- Born: 4 August 1958 (age 68) Oxford, England
- Education: London School of Economics
- Occupation: Journalist
- Years active: 1985–2021

= Ofeibea Quist-Arcton =

American journalist

Ofeibea Quist-Arcton (/en/; born 4 August 1958) is a Ghanaian-British retired radio journalist, correspondent, commentator and broadcaster. She is best known as the former Dakar-based West Africa correspondent for National Public Radio. She grew up in Ghana, Italy, Britain, and Kenya.

==Biography==

===Early life ===
Quist-Arcton was born in Oxford, England, on 4 August 1958. She began kindergarten in Ghana and went to high school and university in the United Kingdom.

=== Education ===
Quist-Arcton obtained a BA with honours in French Studies (with international relations and Spanish) at the London School of Economics and went on to complete a year's course in radio journalism at the Polytechnic of Central London.

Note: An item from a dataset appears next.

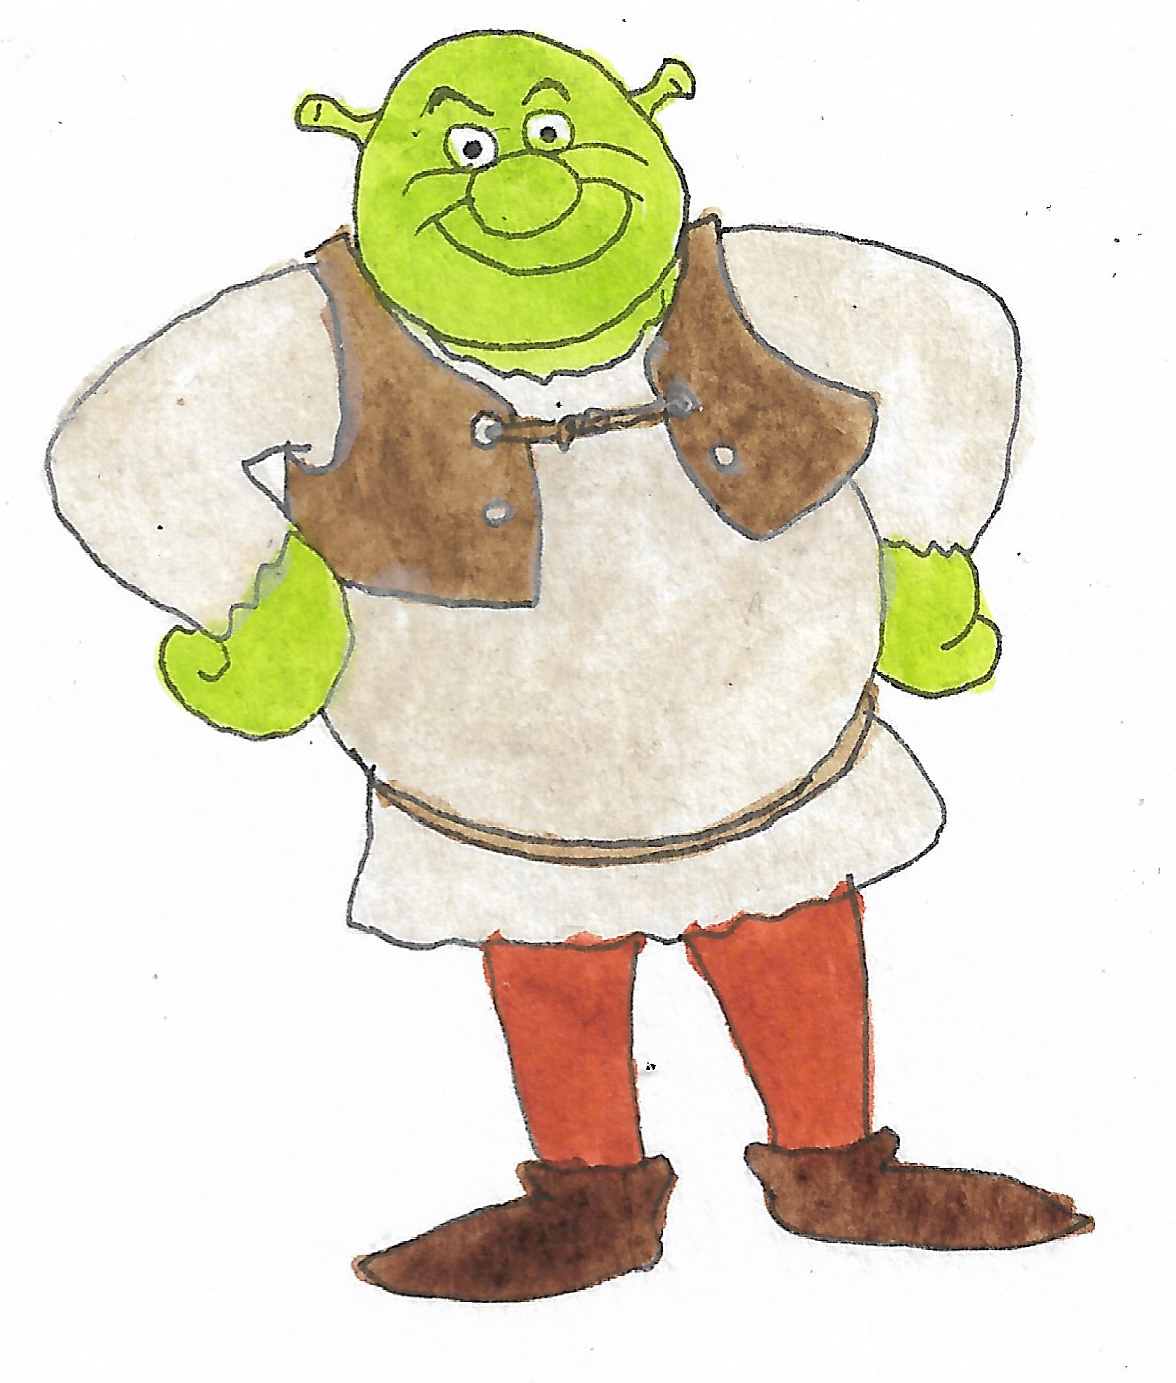 Shrek 2 (2) by KahlanAmnelle on DeviantArt

This course included two internships at the BBC, which she joined in 1985.

=== Journalism and radio ===

Quist-Arcton was appointed the BBC West Africa correspondent in 1990, heading the regional bureau in Abidjan, Ivory Coast, and covering 24 countries.

In 1994 she returned to BBC's Bush House in London, where she served as a host and senior producer on the BBC World Service flagship programs Newshour and Newsday(later renamed The World Today before that program was in turn replaced by a new show, again called Newsday), as well as a contributing Africa specialist for other BBC programming.

Beginning in 1995 Quist-Arcton began work in the United States of America for the joint BBC-PRI production The World.

After briefly returning to BBC World Service, in 1998 Quist-Arcton was appointed co-host of the South African Broadcasting Corporation's flagship radio drive-time show PM Live in Johannesburg.

She returned to the BBC in 2000 as an Africa correspondent.

In 2001, she covered the United Nations Special Session on HIV/AIDS for the African news agency allAfrica.com - focusing on Senegal, with special reports on the country's battle against HIV/AIDS – and the high praises received from the UN for leading "Africa in combating AIDS on the continent", and as "one of only three nations worldwide to successfully contain the pandemic."

Quist-Arcton joined National Public Radio in 2004 at the newly created post of West Africa Correspondent in Dakar, Senegal. She reports on Africa, covering all aspects of life and developments on the continent.

Quist-Arcton was awarded the 2015 Edward R. Murrow prize for her reporting on the 2014 Ebola epidemic and Boko Haram, which she shared with photojournalist David Gilkey.